There are two corollaries of this. The first is whether something is a good or bad wikitext dialect for you depends on what you're going to use it for. I feel strongly that there is no more or less universally good wikitext dialect (and probably won't be until we embrace the use of uncommon Unicode characters for markup). The second is that what looks like a good wikitext dialect can turn to bad (or at least 'not as good') if what you're going to use it for changes over time.

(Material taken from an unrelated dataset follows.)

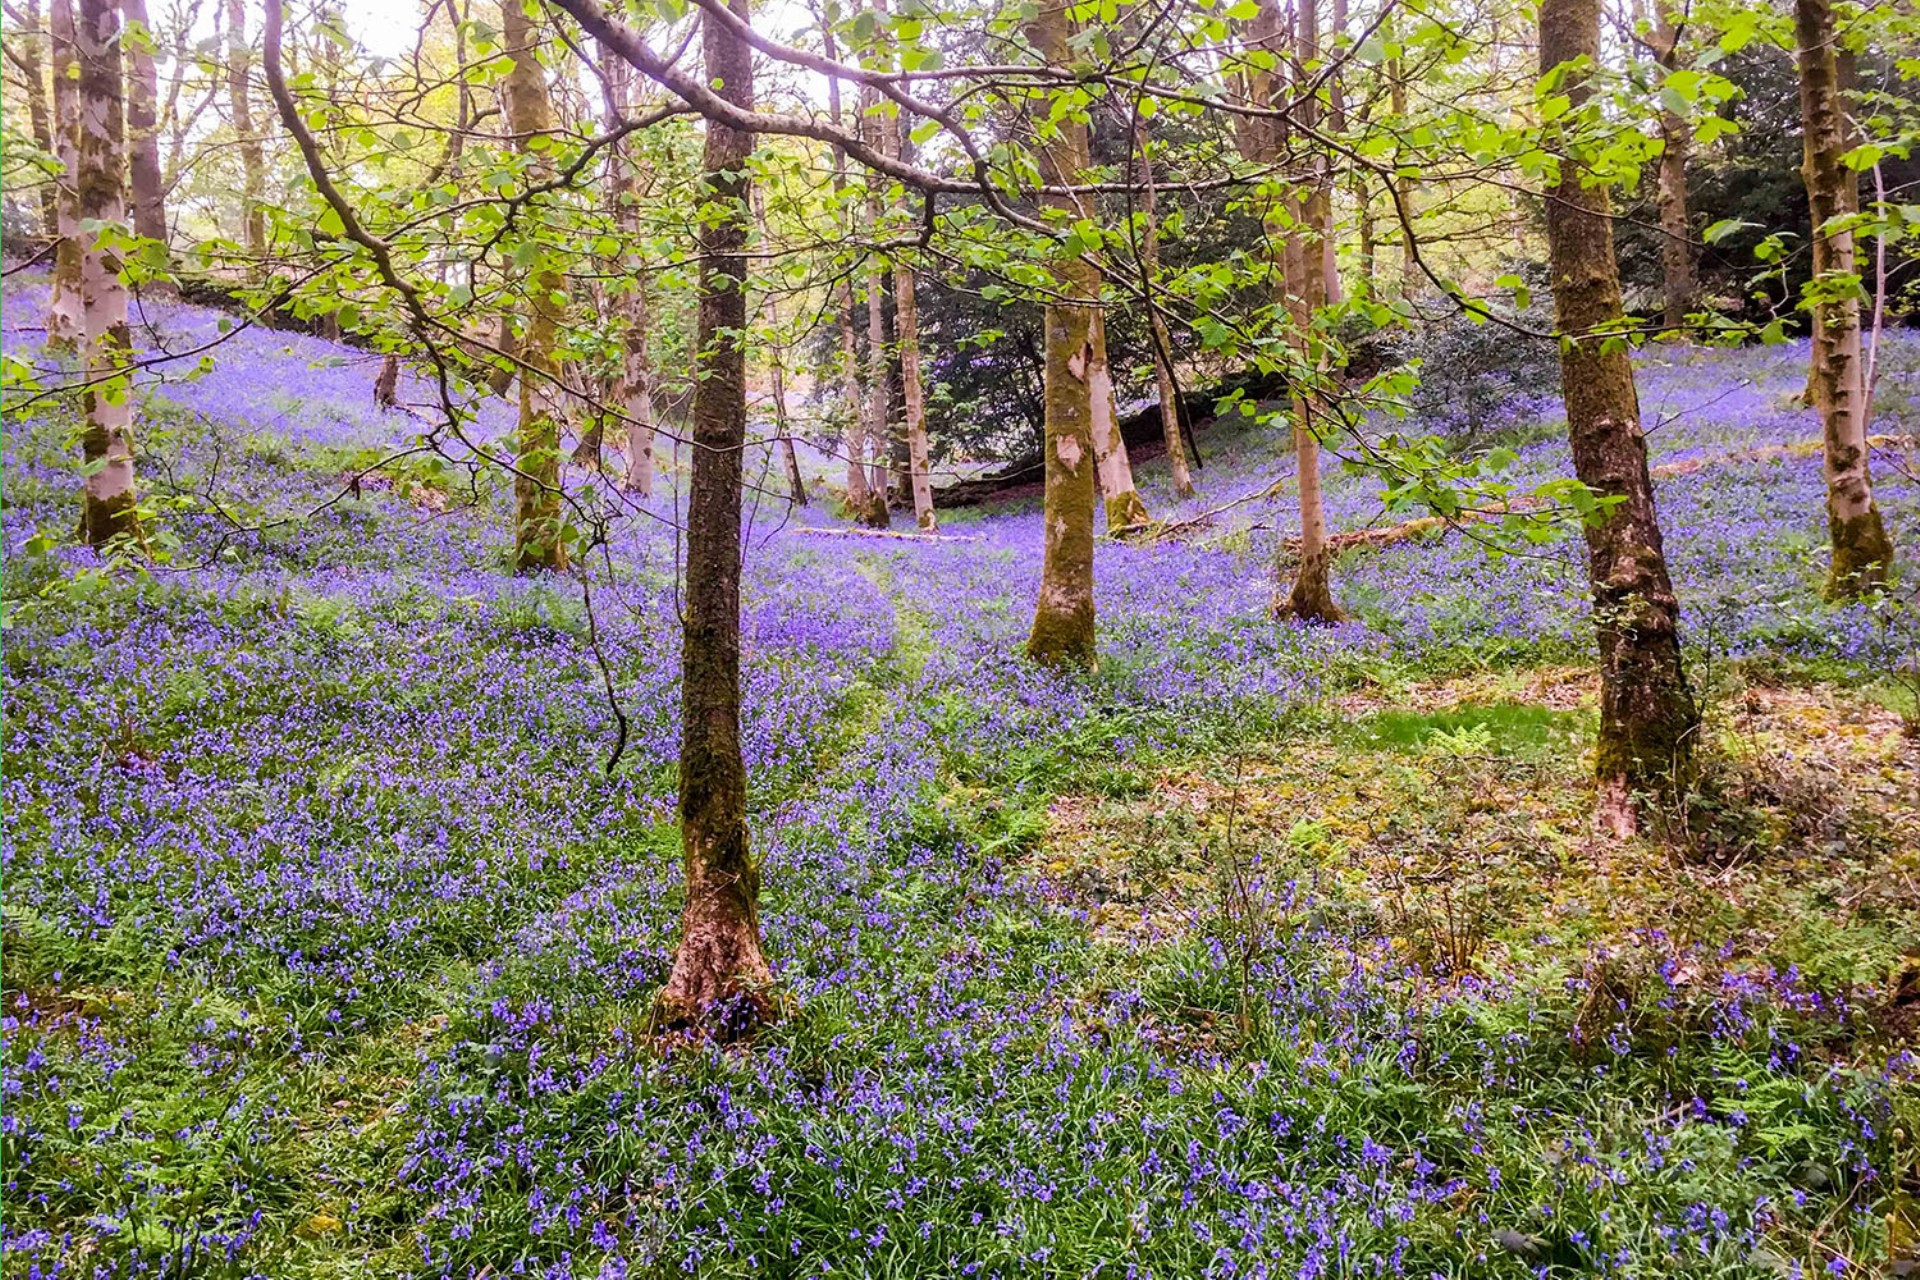 <p>If you're visiting the Lake District in May, one of the most enchanting sights is the appearance of clouds of bluebells carpeting the woodlands.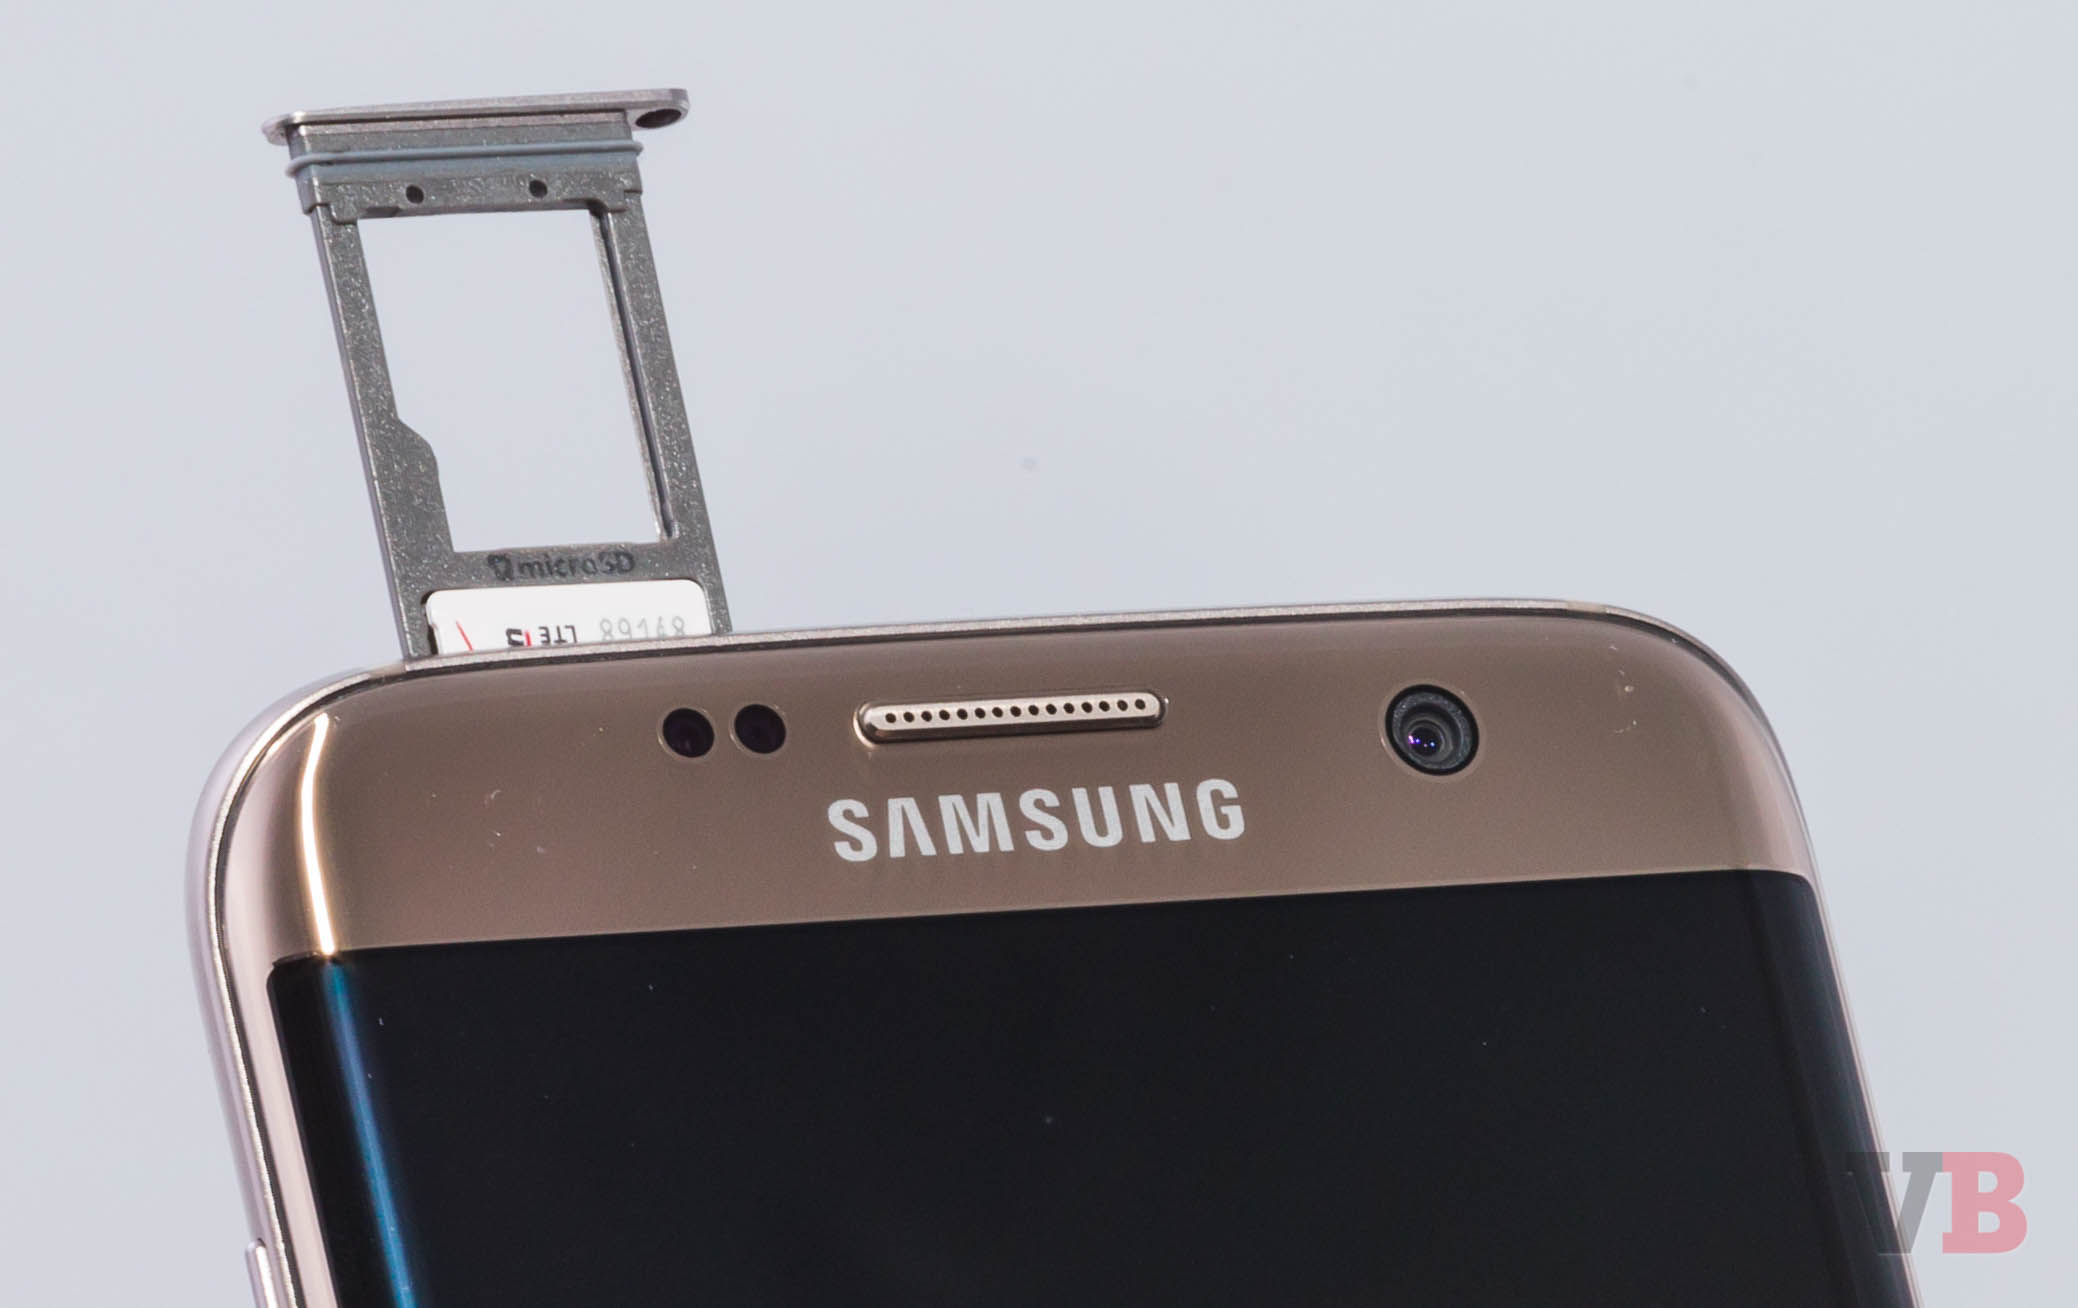 The dual-SIM card slot that's been added to the Samsung Galaxy S7 and S7 edge.

As I've mentioned before, a
glaring example of this in DWikiText here is the _ character,
which is used to create monospaced computer text
. I originally
created DWiki to write sysadmin
documentation. This has the twin features that you frequently want
to mark off literal computer input and output (conventionally set
in monospaced
) and _ is a relatively uncommon character in
things like command lines and so on. Thus it seemed to make good
sense to use _ as a short, unobtrusive, yet visually distinctive
marker of such text. Then I took up blogging with DWiki and started
writing about programming and code; of course _ is extremely
common in identifiers, and this causes heartburn for both me and
commentators (errant _'s is in fact one of the most common
errors here and I've committed various hacks to try to sidestep
them in common cases).
(This origin is also why bold is created with ~~ instead of the
shorter single ~. Single ~'s occur periodically when you write about
Unix paths. Also, looking backwards I have to admit that it turns
out that there is a certain amount of sysadmin things that involve
_'s, because people put them in file names, kernel parameters,
and so on as word separators. Linux /proc
is full of them, for
example. This makes _ a somewhat worse choice than it seemed
to me at the time, although I still don't know what I'd have used
instead.)
(This is something that I've sort of written about before as parts of other entries but that I now think is important enough to give a full entry to, just to make it explicit and visible.)